# funeral procession done !!!!!!



## morbidmike (Sep 11, 2009)

this is my big project for the season I started it in Feb and now its done the heads and feet are carved out of foam (pink) the hands are cpvc and celluclay,the bodies are pvc pipe and foam covered in cloaks I sewed and then monster mudded painted and dry brushed the staff is half inch elect conduit bent the way I wanted it and then great stuffed and celluclayed . I welded a frame to hold them together ....This took me alot of time to do and I am hoping it will be a big hit this year....This scene is inspired by Dave The Dead's acolyte


----------



## morbidmike (Sep 11, 2009)




----------



## Wildcat (Nov 3, 2007)

They're awesome. I never though of having an actual funeral in progress. Very cool.


----------



## Glyphen2010 (Aug 30, 2010)

wow, now THAT is an original idea!


----------



## DeathTouch (Sep 6, 2005)

That is cool!


----------



## Zurgh (Dec 21, 2009)

That is crazy-cool! The whole procession scene is so... so... Morbidly beautiful... from pallbearers, priest, book, coffin... This will creep out quite a few. Wonderful work, mike!


----------



## Haunted Bayou (Feb 16, 2007)

Looks really creepy lit like that. Love it.


----------



## kprimm (Mar 14, 2009)

Nice work, That is aheck of a big project for the year. Doesn't it feel good to be done and see it looking so good? I'm sure everyone will like it.


----------



## Just Whisper (Jan 19, 2009)

I really love this idea. It is very original, well put together and creatively executed.
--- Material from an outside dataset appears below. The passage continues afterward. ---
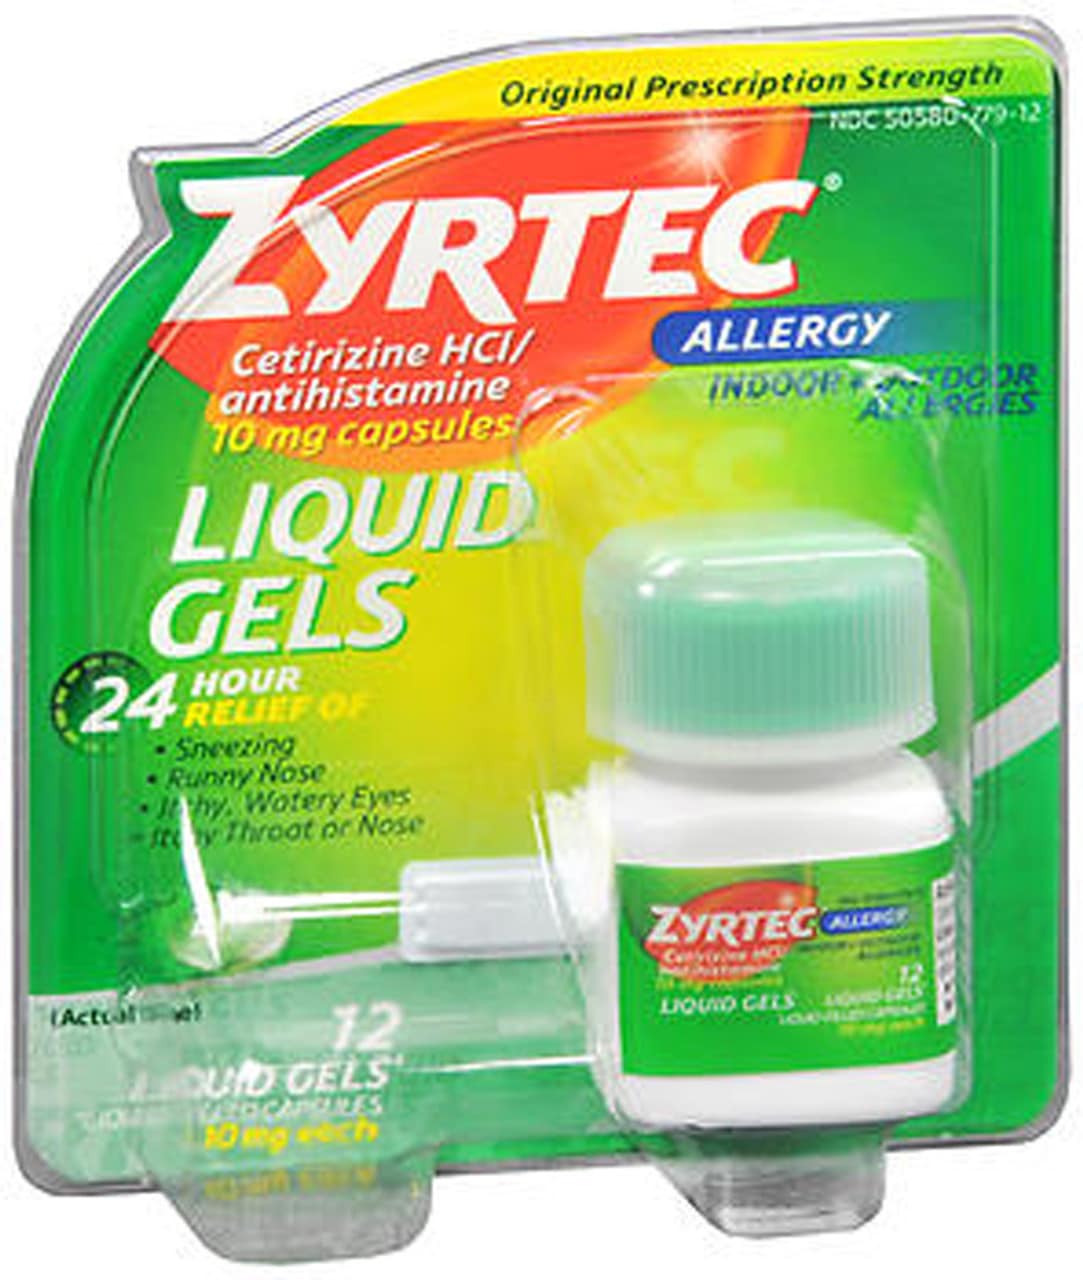 Zyrtec Allergy 10 mg Liquid Gels

It is sure to be a favorite of your ToTs.


----------



## Dark Angel 27 (Sep 11, 2008)

thats freaking badd ass


----------



## RoxyBlue (Oct 6, 2008)

These guys are positively surreal. Congrats on putting together a great funeral scene!


----------



## tot13 (Jul 25, 2007)

Weellllll, guess who's idea I'm gonna find a way to steal for next year (2011)? Fantastic idea, Mike, and fantastic execution!


----------



## nixie (Sep 17, 2008)

AMAZING!!!!! Every last detail is perfect, and it all came together brilliantly! I love the way their cloaks hang around their awesome, creepy feet! The book, the coffin glowing from within, just everything! I can't wait to see this scene set up with the hearse and the horse this October! Great job!


----------



## IMU (Apr 8, 2009)

Looks great!


----------



## fick209 (Aug 31, 2009)

The entire scene is just awesome. Excellent work Mike!


----------



## Spooky1 (Aug 25, 2008)

Those are some creepy looking creatures Mike.


----------



## Devils Chariot (May 23, 2007)

I love it! A funeral procession of Plague doctors! It looks so cool with the light from the coffin. Very Nice work Mike!!!


----------



## morbidmike (Sep 11, 2009)

thanx everyone I really have some time invested in these guys and I'm glad my hard work shows thanx again for all the kind comments


----------



## randomr8 (Oct 24, 2009)

Nice design. I really like the way you have them fixed together on that metal (?) frame.
Contgrats. The whole thing rocks.


----------



## ELH Erin Loves Halloween (Feb 19, 2009)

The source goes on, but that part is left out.